De Mistura acknowledged that the Syria cease-fire would be imperfect, but said that the joint monitoring mechanism could help in containing violations and preventing them from escalating.
“I have seen many cessation of hostilities or cease-fires taking place in many conflicts, much less complicated sometimes than this one. And very rarely they are perfect,” de Mistura said. “There has been and there are constant infringements, but the secret is actually to be able to contain it and to avoid it to become a bush fire, which has been the case the other day in Aleppo — that's why it needs to be contained.”
“And an operations center as effective as the one we have been working on can and must do that, and becomes immediate, real-time containment operation, through the influence each side can have,” de Mistura said.
But in a sign that agreement on a joint monitoring mechanism may not shift divergent American and Russian views of culpability in the civil war or on the role of Bashar al-Assad in Syria’s political future, Kerry laid the blame squarely on the Syrian regime for “unconscionable” attacks on three Aleppo-area hospitals and clinics last week that killed dozens of people, and said it had to stop.
“There are three (Aleppo-area) health clinics now, one major hospital, that have been attacked from the air by bombs,” Kerry told journalists at a media stakeout with de Mistura outside Geneva’s Hotel President Wilson May 2. “There are only two air forces flying in that particular area, and the Russians are clear that they were not engaged or flying at that time.”
“The regime has clearly indicated the willingness, over a period of time now, to attack first responders, to attack health-care workers and rescue workers,” Kerry said. “And the attack on this hospital is on unconscionable, under any standard anywhere. It has to stop.”
Whether Americans and Russians working out of the same Geneva offices to monitor the cease-fire with the same maps increases the pressure on them, and their leverage over their respective proxies and allies to bring a halt to such atrocities, remains to be seen. Or it could be that the operations center will just become another forum to engage in tit-for-tat sniping between two sides that have fundamentally different views of the Syrian civil war.

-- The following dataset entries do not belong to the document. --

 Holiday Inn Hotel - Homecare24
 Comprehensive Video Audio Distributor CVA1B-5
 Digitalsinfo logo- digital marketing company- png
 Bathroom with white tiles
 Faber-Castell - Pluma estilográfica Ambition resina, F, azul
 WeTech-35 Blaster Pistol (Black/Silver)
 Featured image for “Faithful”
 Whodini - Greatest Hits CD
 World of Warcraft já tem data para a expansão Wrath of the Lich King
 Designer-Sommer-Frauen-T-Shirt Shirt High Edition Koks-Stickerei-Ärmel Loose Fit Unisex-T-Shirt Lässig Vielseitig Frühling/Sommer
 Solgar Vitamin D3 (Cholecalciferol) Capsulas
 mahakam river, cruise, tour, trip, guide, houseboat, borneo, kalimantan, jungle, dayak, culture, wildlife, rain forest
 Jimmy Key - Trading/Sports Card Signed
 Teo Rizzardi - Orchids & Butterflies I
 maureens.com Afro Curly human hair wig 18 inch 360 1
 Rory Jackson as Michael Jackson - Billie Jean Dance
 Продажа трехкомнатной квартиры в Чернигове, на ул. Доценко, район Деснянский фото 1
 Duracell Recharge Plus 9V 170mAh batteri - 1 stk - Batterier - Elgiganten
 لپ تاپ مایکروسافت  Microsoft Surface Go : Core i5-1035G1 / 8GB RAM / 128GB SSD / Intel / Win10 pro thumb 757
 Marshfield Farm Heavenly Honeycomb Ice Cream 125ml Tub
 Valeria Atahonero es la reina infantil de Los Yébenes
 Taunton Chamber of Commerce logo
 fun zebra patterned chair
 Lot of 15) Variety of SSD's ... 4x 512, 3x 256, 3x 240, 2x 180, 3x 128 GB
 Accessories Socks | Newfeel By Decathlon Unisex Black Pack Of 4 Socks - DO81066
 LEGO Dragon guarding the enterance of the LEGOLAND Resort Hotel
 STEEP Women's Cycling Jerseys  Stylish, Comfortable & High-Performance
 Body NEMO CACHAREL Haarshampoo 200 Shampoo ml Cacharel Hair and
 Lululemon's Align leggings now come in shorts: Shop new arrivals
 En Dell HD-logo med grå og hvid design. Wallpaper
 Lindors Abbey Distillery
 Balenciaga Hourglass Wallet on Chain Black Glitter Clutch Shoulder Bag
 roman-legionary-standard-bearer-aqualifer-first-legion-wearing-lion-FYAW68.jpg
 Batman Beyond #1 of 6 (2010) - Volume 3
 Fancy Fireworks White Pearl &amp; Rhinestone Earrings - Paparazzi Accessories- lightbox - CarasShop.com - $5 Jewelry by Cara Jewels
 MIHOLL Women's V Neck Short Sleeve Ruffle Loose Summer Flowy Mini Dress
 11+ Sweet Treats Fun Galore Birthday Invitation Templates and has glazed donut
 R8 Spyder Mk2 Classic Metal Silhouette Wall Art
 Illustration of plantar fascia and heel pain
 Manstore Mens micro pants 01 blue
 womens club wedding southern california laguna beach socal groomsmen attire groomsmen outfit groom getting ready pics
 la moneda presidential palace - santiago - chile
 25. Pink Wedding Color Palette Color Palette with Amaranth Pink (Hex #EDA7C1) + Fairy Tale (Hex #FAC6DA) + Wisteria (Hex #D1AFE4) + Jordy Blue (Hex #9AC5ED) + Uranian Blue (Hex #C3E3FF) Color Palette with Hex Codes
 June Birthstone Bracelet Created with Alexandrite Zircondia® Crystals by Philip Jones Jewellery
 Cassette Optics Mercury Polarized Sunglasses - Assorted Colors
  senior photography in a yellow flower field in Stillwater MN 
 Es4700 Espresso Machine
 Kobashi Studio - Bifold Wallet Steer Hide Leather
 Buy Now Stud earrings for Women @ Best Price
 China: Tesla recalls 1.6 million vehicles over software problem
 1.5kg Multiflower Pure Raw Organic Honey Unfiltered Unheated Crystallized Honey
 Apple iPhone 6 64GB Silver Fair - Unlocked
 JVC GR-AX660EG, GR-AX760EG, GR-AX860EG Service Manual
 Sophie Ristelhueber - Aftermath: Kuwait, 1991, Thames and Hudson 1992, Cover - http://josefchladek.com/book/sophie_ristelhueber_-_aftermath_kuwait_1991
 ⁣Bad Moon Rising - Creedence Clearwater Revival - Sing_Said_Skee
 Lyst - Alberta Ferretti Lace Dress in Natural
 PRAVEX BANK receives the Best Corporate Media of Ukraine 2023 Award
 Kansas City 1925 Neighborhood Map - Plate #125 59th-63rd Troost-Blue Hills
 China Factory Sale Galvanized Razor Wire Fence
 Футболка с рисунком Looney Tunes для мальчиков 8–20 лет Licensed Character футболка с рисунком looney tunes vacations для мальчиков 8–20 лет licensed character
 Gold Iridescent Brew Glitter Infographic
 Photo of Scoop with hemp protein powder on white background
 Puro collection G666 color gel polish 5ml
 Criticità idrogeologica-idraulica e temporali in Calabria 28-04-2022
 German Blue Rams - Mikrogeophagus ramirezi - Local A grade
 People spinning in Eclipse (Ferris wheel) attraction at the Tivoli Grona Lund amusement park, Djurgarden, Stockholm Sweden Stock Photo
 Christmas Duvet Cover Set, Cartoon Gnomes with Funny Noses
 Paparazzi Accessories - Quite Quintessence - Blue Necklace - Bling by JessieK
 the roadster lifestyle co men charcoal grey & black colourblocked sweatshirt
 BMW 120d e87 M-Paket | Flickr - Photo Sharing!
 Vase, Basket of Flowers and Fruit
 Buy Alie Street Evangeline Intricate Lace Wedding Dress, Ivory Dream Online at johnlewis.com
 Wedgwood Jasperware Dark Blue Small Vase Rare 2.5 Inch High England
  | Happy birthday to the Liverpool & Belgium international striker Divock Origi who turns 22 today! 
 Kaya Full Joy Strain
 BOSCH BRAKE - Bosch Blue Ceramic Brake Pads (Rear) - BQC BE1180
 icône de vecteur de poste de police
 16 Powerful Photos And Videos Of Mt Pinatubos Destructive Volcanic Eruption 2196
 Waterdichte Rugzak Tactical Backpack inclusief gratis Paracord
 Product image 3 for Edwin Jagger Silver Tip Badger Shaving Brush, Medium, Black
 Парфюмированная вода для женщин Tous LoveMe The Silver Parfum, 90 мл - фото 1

Lavrov, for his part, made little secret that he had been resisting a call by de Mistura to hold another meeting of the 20-member International Syria Support Group, and sought to turn blame for the recent fraying of the Syria cease-fire on the other side. As the United States repeatedly calls on Russia to pressure Assad to stop such atrocities as air attacks on hospitals, and to let more humanitarian aid be delivered, Lavrov said Washington should press the Syrian opposition to return to intra-Syrian political talks they walked out of in Geneva last round, in protest to the regime hindering aid access in several areas, not releasing detainees and mounting violations of the cessation of hostilities.
“We call upon … the United States first of all … to use their leverage with the US-led coalition to make sure that there are no ultimatums like this aimed to undermine the peaceful talks,” Lavrov said. “Every decision must be on consensus basis between the opposition and the government, otherwise we will see more risks in this key part of the region.”